▸ **Entries shown**:
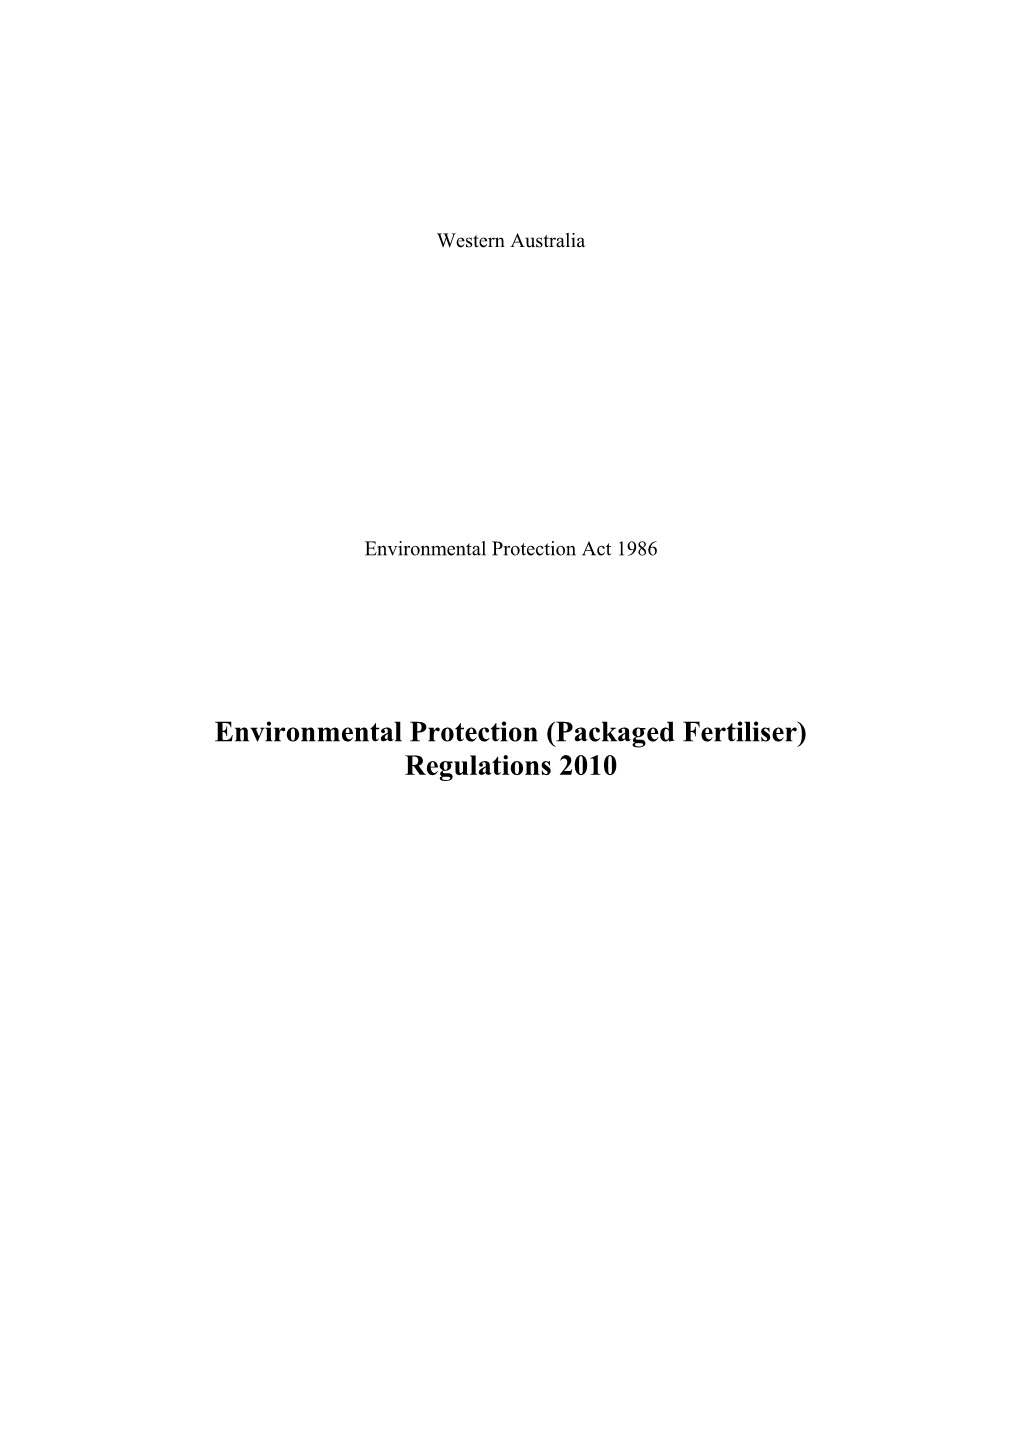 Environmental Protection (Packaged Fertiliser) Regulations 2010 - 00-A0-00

--

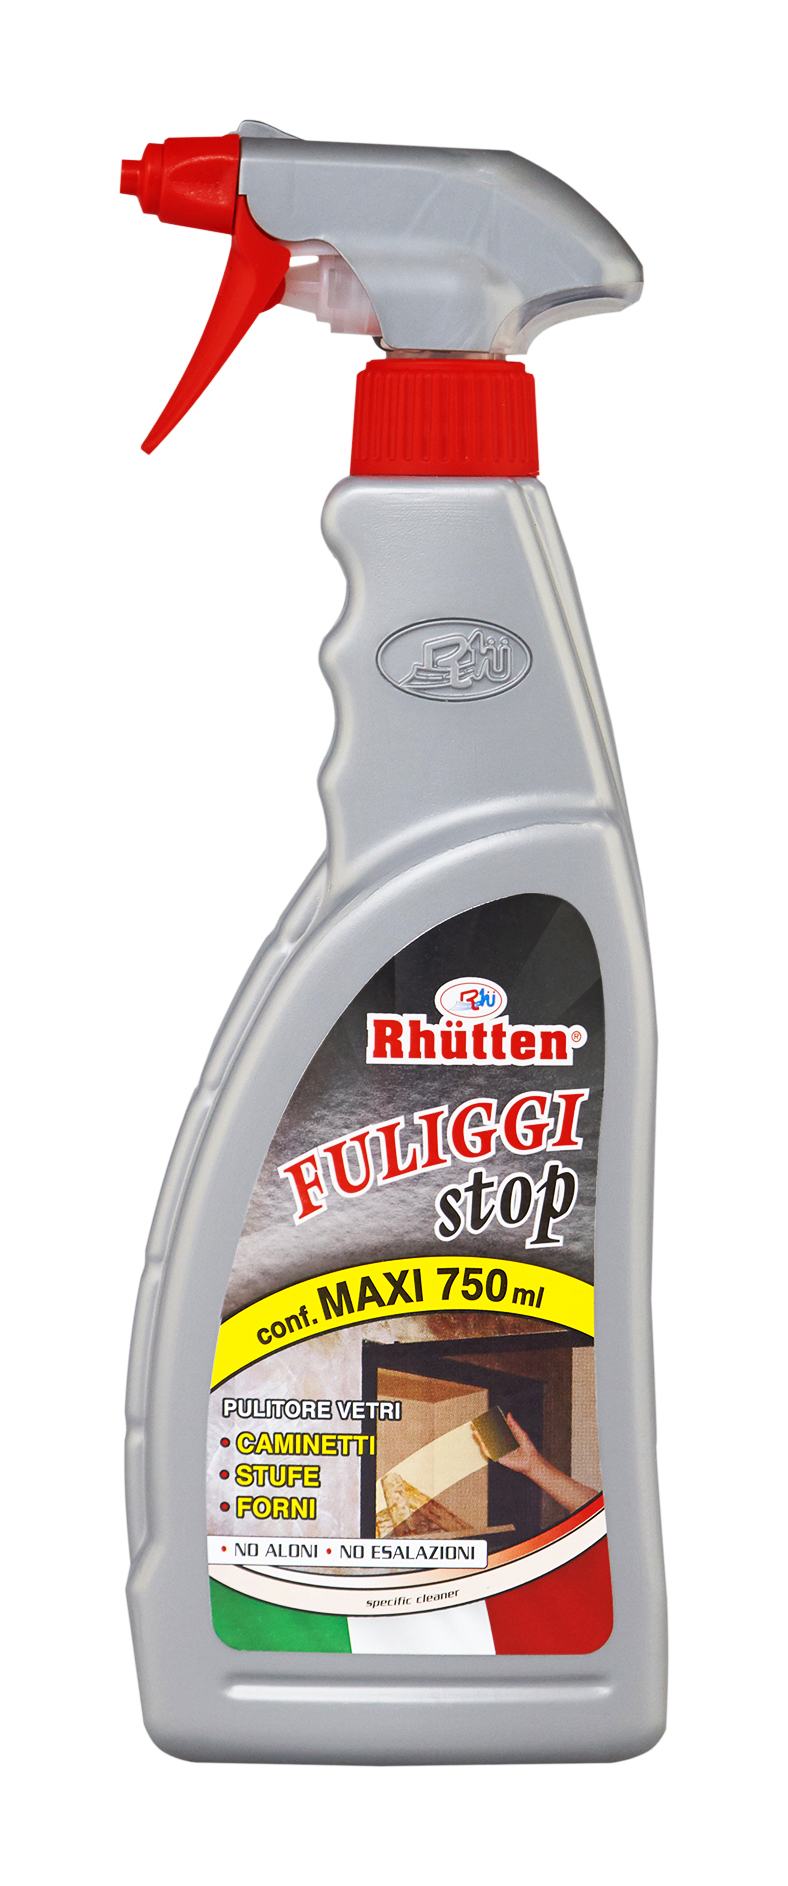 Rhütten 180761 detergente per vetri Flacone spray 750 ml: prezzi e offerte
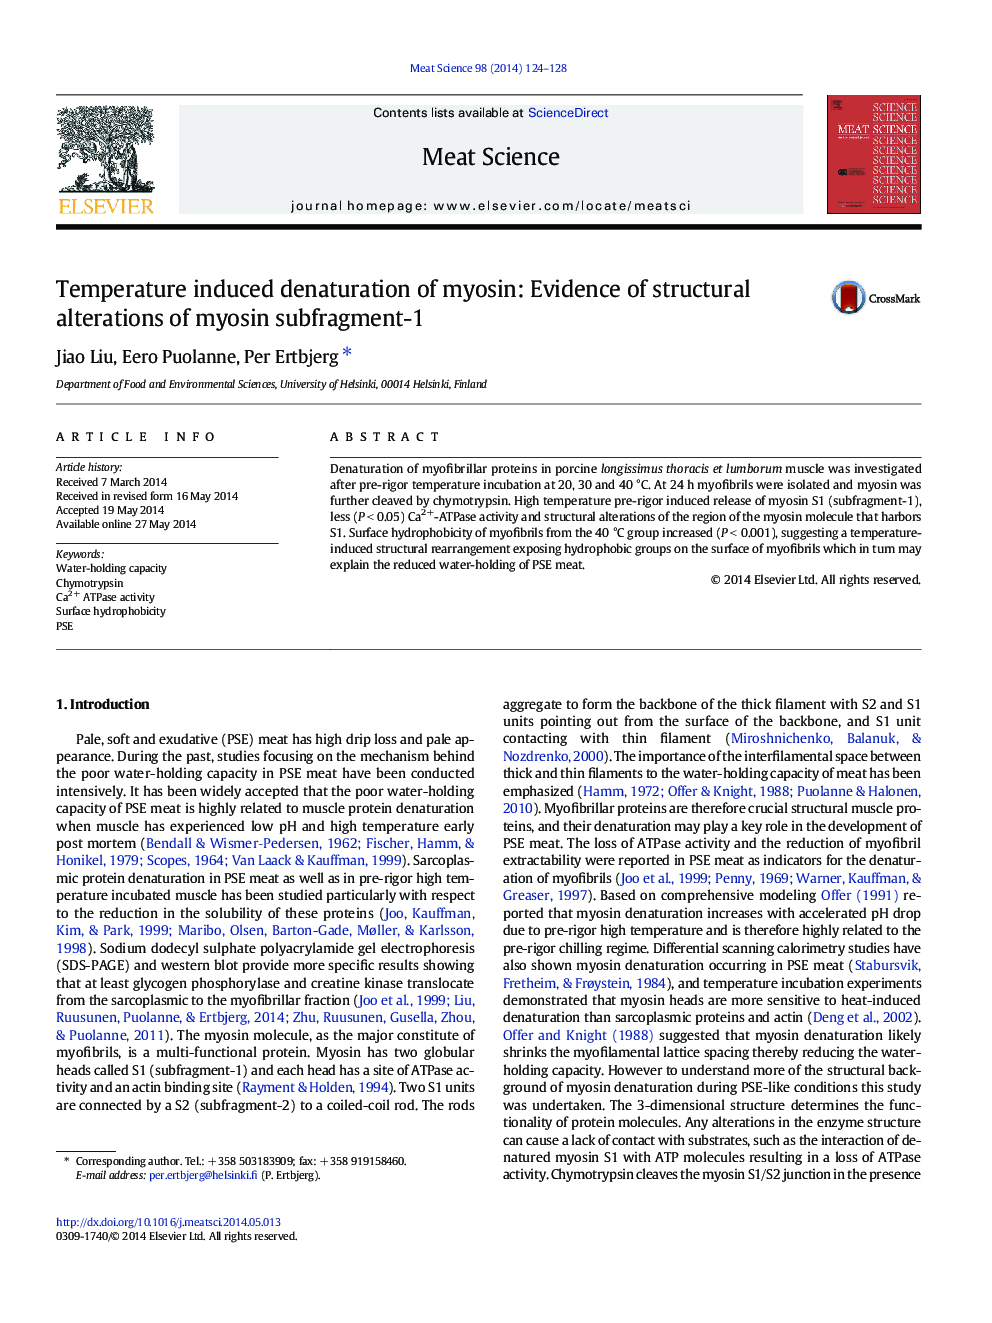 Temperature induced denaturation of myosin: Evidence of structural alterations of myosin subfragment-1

▸ **Exercise objective**: Within these entries, output exactly the lines starting at the one with "Rhütten 180761 detergente" and finishing at the one with "Temperature induced denaturation". Leave pictures out of the output.

▸ **Answer section**:
 Rhütten 180761 detergente per vetri Flacone spray 750 ml: prezzi e offerte
 Temperature induced denaturation of myosin: Evidence of structural alterations of myosin subfragment-1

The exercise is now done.